2月に騒ぎとなったグリー「探検ドリランド」のレアカード不正コピー騒ぎ。NHKで報道されるほど大事件となってしまったわけですが、まともや不正コピー問題が勃発。グリーはトレード機能を一部停止中です。

探検ドリランドは、不正行為調査のため、全てのお客様を対象として、下記ハンターカードのトレードを一時的に停止させていただいております。
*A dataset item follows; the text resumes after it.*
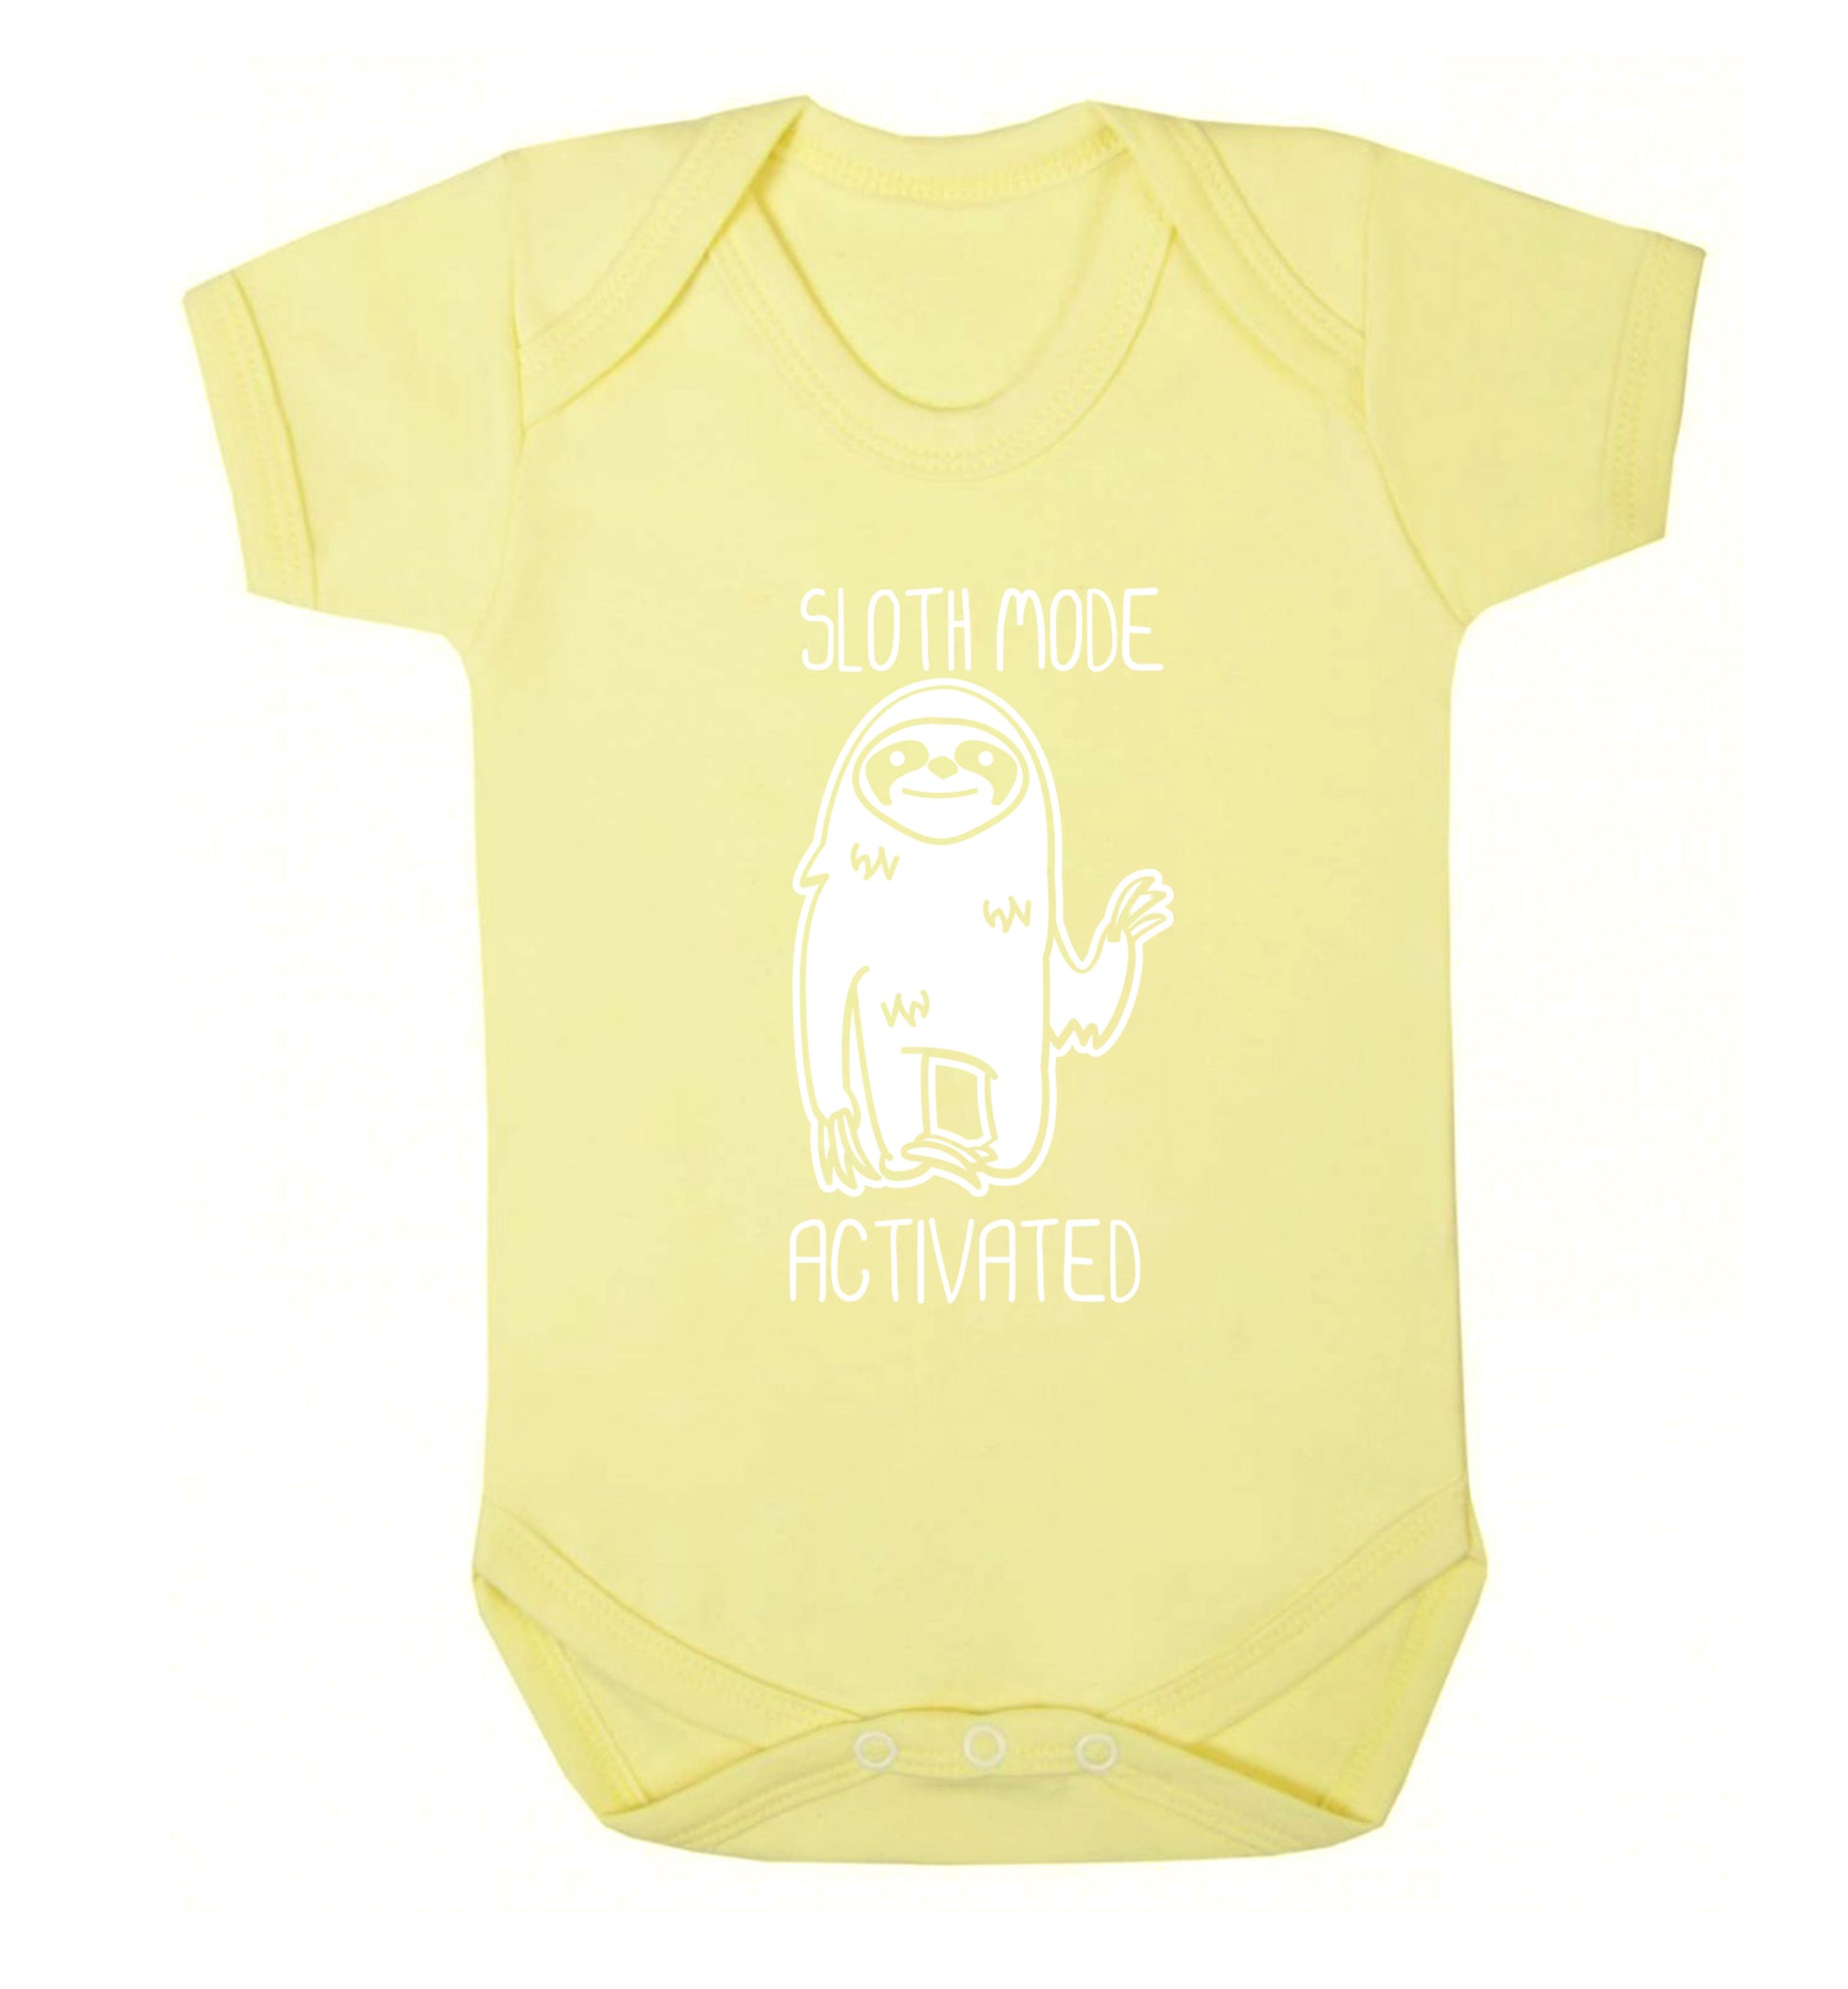 Sloth mode acitvated Baby Vest pale yellow 18-24 months

・停止期間:2012年4月2日〜16日(終了期間は前後する可能性あり)

・次元探検家ギード(SSR)

・太陽神ソルディウス(SSR)

・飛竜騎手キリエ(SSR)

・黄金海賊オイヴァ(SSR)

・斬鉄騎士ジョー(SSR)

・堕天騎士ベリンダ(SSR)

・冬姫メイチェリ(SSR)

・;鉄槌神アヴィエル(SSR)

・忠騎士グレーティア(SSR)

・牙竜王ヴァンディル(SSR)

・晶魔神ラドアゲード(SSR)

・黄金仮面ファーン(Sレア)

・大祓師セイメイ(Sレア)

・ハルカ(レア)

http://doliland2.game-gree.com/information/tarde-stop/


上記のサイトは、個人の攻略サイトであります。実は、今回のトレード機能停止は、インターネットから情報を拾えません。ドリランドに入ってトップページのお知らせを参照するか、運営から送られてくるメールを見ないと気がつかない状態です。前回もIRを打たず、ヘルプを参照しないとわからない点を問題にしましたが、今回その上をいってしまいました。上場企業が主力サービスの機能停止するという事態になっているのに、なぜ毎度毎度アナウンスをしないのでしょうか?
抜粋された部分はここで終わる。